– by Dr. Irving Loh, MD
Heart failure is one of the most prevalent and expensive conditions in the U.S., affecting 6 million Americans and increasingly other populations around the world as well. It is estimated to account for approximately 1 million annual hospitalizations (with up to 50% re-hospitalization rates at 1 month post discharge) at cost of $21 billion ($53 billion by 2030) in the U.S. Part of this is simply attributable to increasing longevity as nutrition and infection control improves worldwide, but also because we physicians are getting better at our jobs and people are living long enough to get heart failure and cancer. Although ischemic heart disease is a common cause of heart failure, uncontrolled hypertension and inadequately managed valvular disease also significantly contribute. Ethnic and socio-economic differences also exist.

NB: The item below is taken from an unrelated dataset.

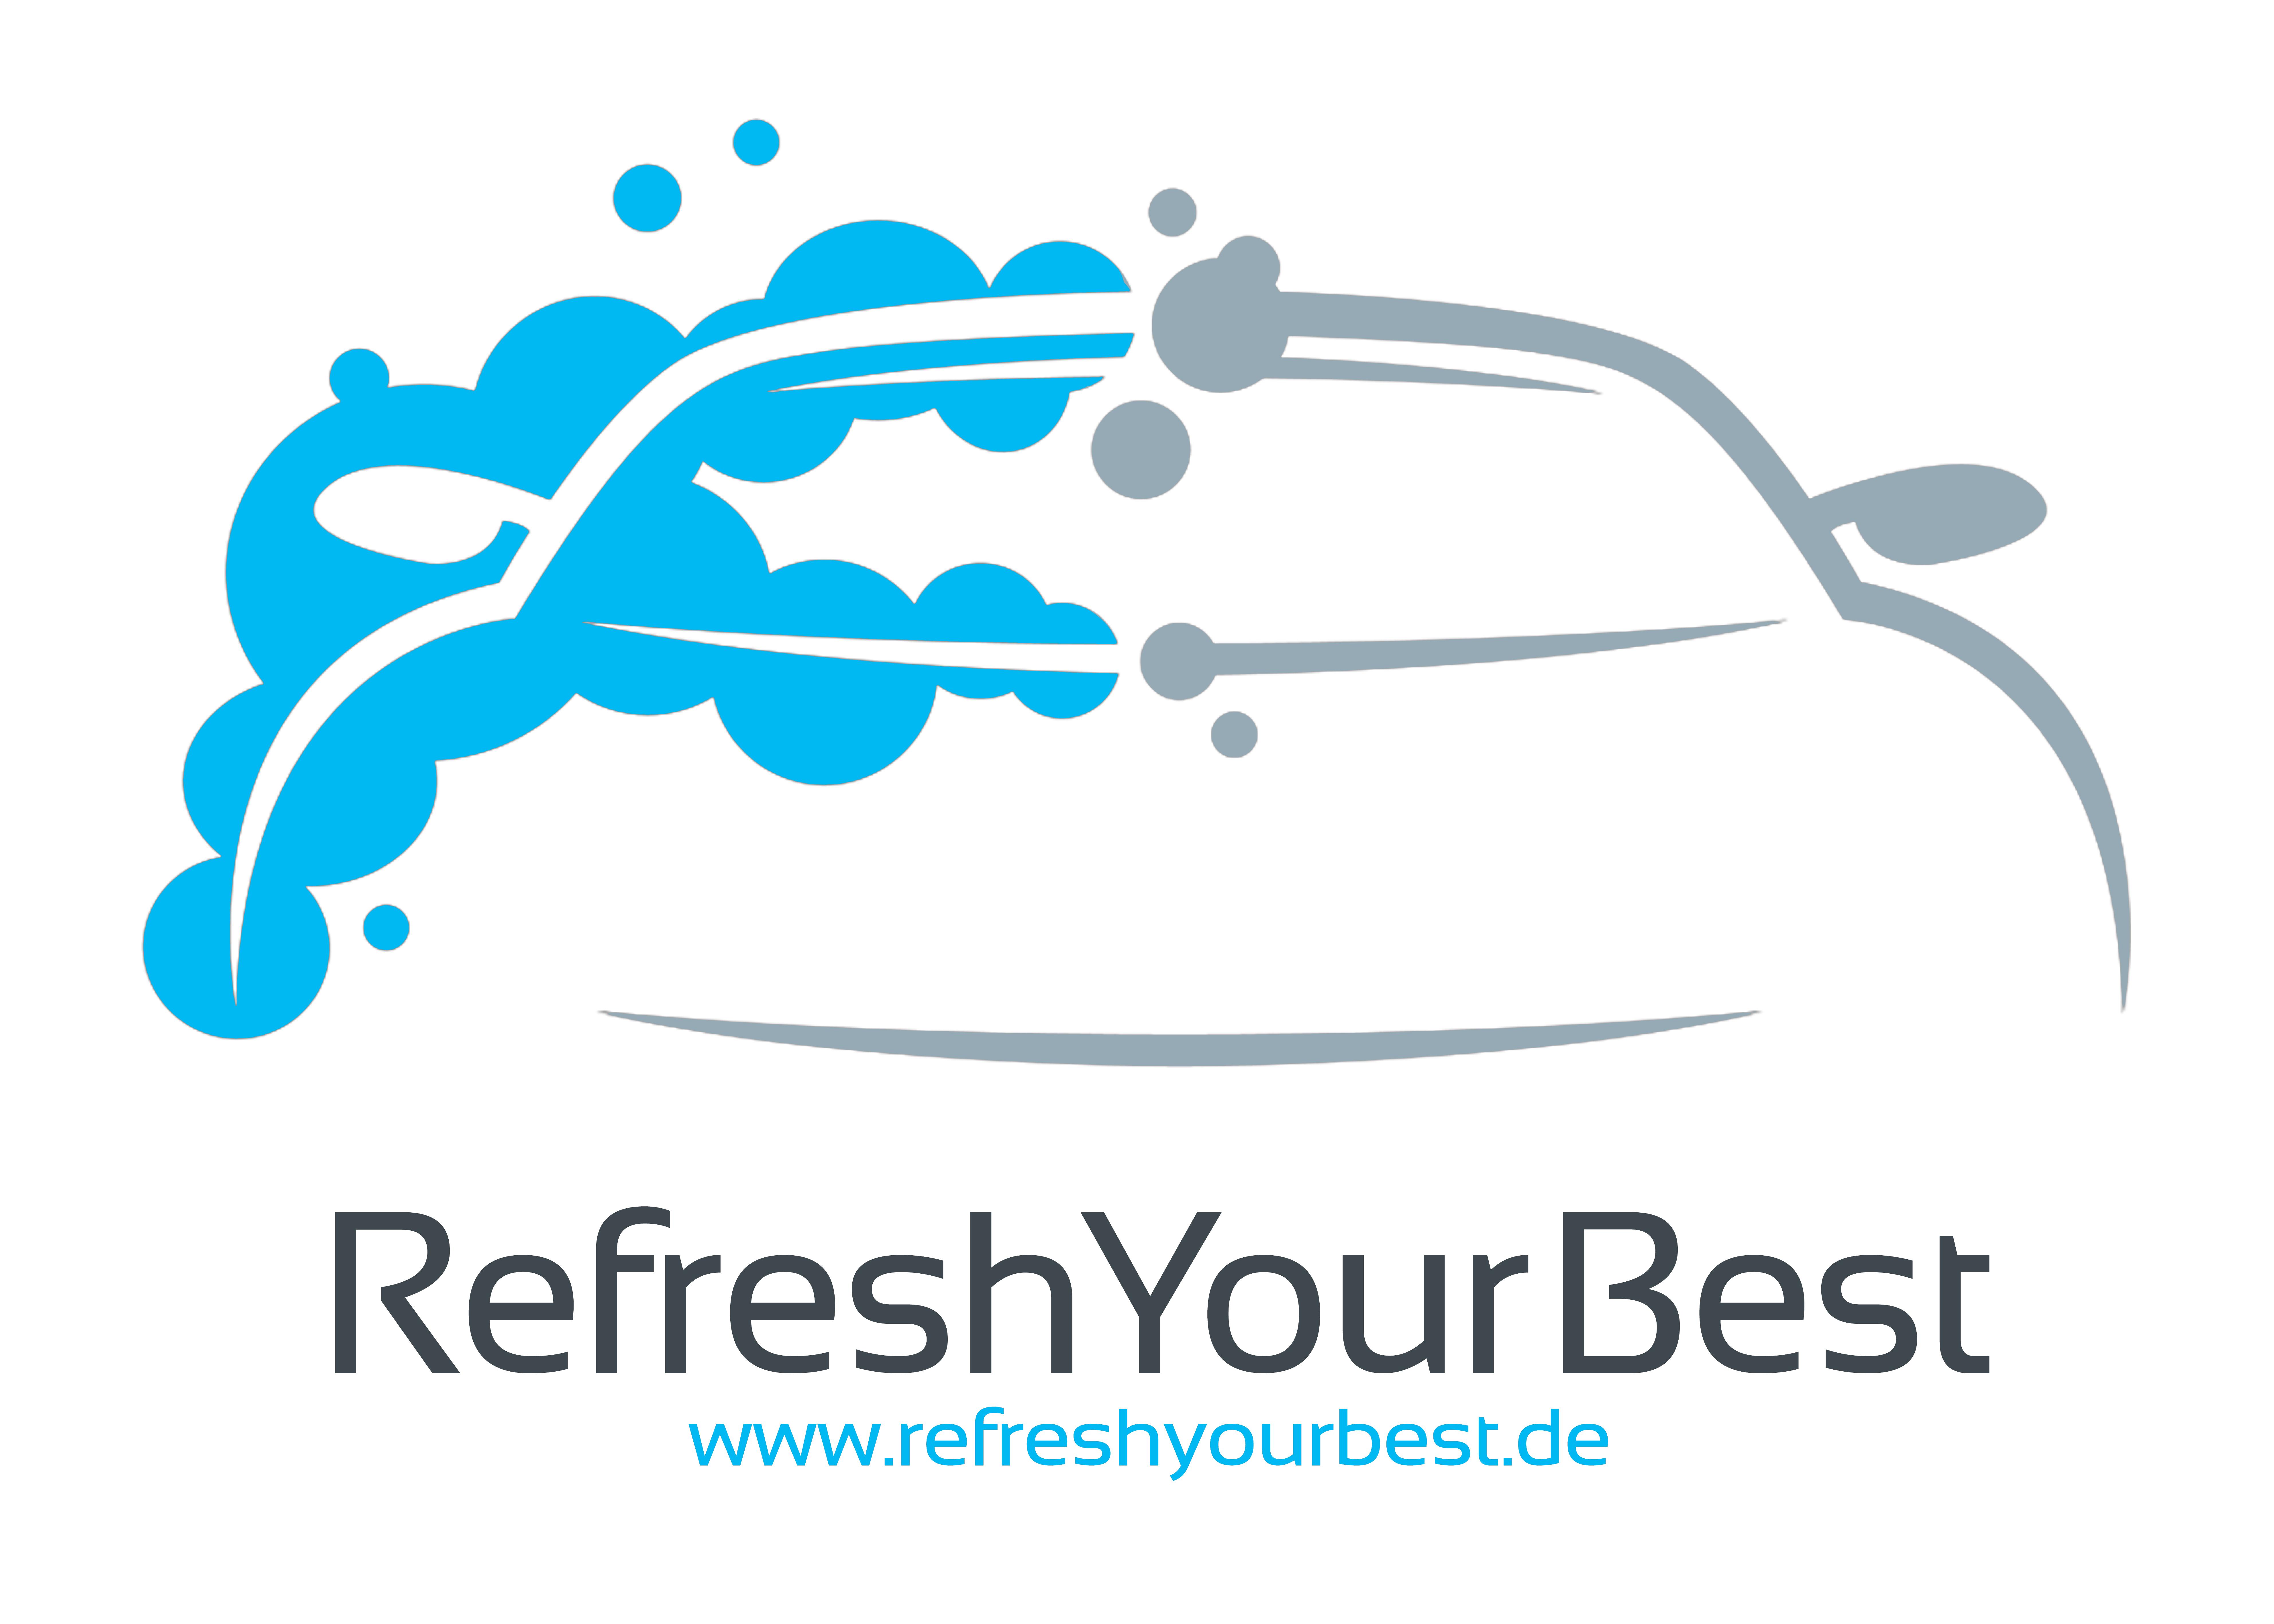 RefreshYourBest - Dein Online Shop für Fahrzeugpflege, Waschchemie und Aufbereitung

The primary therapy for heart failure (for this discussion limited to heart failure due to reduced ejection fraction, in contrast to the less frequent, but not uncommon, heart failure with preserved ejection fraction, or diastolic heart failure) remains identifying and mitigating the risk factors that caused the heart failure, which means those that exacerbate ischemic heart disease, diabetes, hypertension, valvular disease, etc. An echocardiogram is the least expensive and most information-dense diagnostic tool you can use next to a good history and physical, to help confirm or deny the diagnosis.
When you all were getting your medical training (depending on your age and when that was, of course), the fundamentals of heart failure drug management were inculcated into your curriculum whether or not you intended to do primary care or other non-cardiology fields. First was digitalis, a very dangerous and tricky drug used as a poison centuries ago, but very useful in skilled clinician’s hands for its inotropic effect, mitigated by an unfortunate LD50 of 50%! Next up was the advent of diuretics (for preload reduction) with the toxic mercuhydrin in the late 1940s, but then the loop diuretics in different flavors and potency appeared, and have remained as a mainstay since. As the role of the adrenergic nervous system in heart failure was postulated in the late 1960s, the heroic Scandinavians led the way with beta-blockers with almost incredibly good outcome data validated in large trials over the next few decades. Then the impact of manipulating basic cardiovascular pathophysiology by impedance (or afterload) reduction with direct vasodilators like hydralazine and nitrates showed benefit (and are quite underutilized), with the additional benefit of lowering pulmonary artery pressures. Impedance reduction became even more prevalent by elucidating the role of the renin-angiotensin-aldosterone system, which led to the use of angiotensin-converting enzymes, angiotensin receptor blockers, and direct aldosterone antagonists like spironolactone and eplerenone. These validated evidence based pharmacologic therapies when implemented in skilled heart failure disease management programs have radically altered the quality and quantity of life for heart failure patients to the good, and have positively impacted the health economic implications for society by reducing the cost of care by fewer unexpected encounters with their doctors and fewer hospitalizations.
Indeed, good heart failure therapy has allowed the management of many patients to shift from cardiologists and heart failure specialists towards a primary care environment. This would be great were it not for the very counterproductive reality of overworked primary care providers with inadequate time and resources to do the job they know how to do. The increased use of superbly trained mid-level providers like advanced practice nurses working at the top of their licenses in an integrated healthcare environment could further improve all outcome metrics. But that’s a topic for a future post.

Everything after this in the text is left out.